Par un mémoire en défense, enregistré le 28 octobre 2025, le préfet des Bouches-du-Rhône conclut au rejet de la requête.
Il fait valoir qu’aucun des moyens invoqués n’est fondé.
Vu :
- la charte des droits fondamentaux de l’Union européenne ;
- convention européenne de sauvegarde des droits de l’homme et des libertés fondamentales ;
- le règlement (UE) n° 603/2013 du Parlement européen et du Conseil du 26 juin 2013 ;
- le règlement (UE) n° 604/2013 du Parlement européen et du Conseil du 26 juin 2013 ;
- le code de l’entrée et du séjour des étrangers et du droit d’asile ;
- la loi n° 91-647 du 10 juillet 1991 ;
- le code de justice administrative.
Le président du tribunal a désigné Mme Giocanti pour statuer sur les litiges relatifs aux décisions portant mesure d’éloignement des ressortissants étrangers en application du code de l’entrée et du séjour des étrangers et du droit d’asile.

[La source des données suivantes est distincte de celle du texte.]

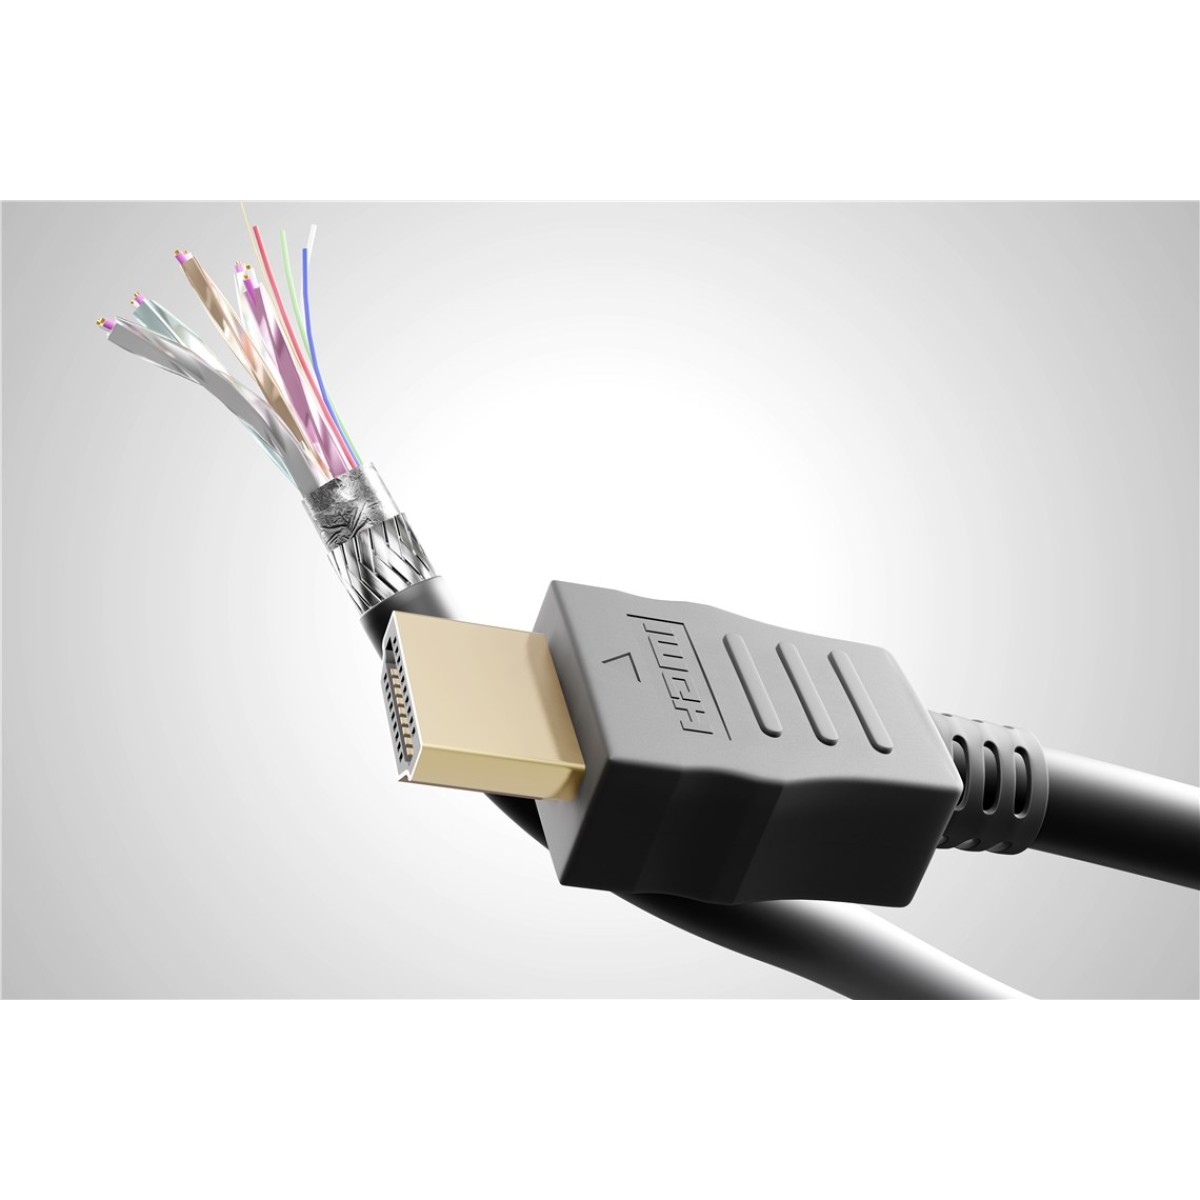 GOOBAY καλώδιο HDMI 2.0 με Ethernet 61161, 4K/60Hz, 18Gbps, 5m, μαύρο

Les parties ont été régulièrement averties du jour de l’audience.
A été entendu au cours de l’audience publique :
- le rapport de Mme Giocanti.
- les observations de Me Dion substituant Me Gilbert, représentant Mme B…, présente, qui conclut aux mêmes fins et par les mêmes moyens que sa requête ;
- le préfet des Bouches-du-Rhône n’étant ni présent, ni représenté.
La clôture de l’instruction a été prononcée à l’issue de l’audience.
Considérant ce qui suit :
Par la présente requête, Mme B…, ressortissante algérienne, demande au tribunal d’annuler l’arrêté du 7 octobre 2025 par lequel le préfet des Bouches-du-Rhône a décidé son transfert aux autorités espagnoles responsables de l’examen de sa demande d’asile ainsi que l’arrêté du même jour par lequel cette même autorité l’a assignée à résidence.
Sur l’admission provisoire à l’aide juridictionnelle :
En vertu des articles 12 et 20 de la loi du 10 juillet 1991 relative à l’aide juridique modifiée, l’admission à l’aide juridictionnelle est prononcée par un bureau d’aide juridictionnelle ou, en cas d’urgence et à titre provisoire, par le président de ce bureau, par la juridiction compétente ou par son président.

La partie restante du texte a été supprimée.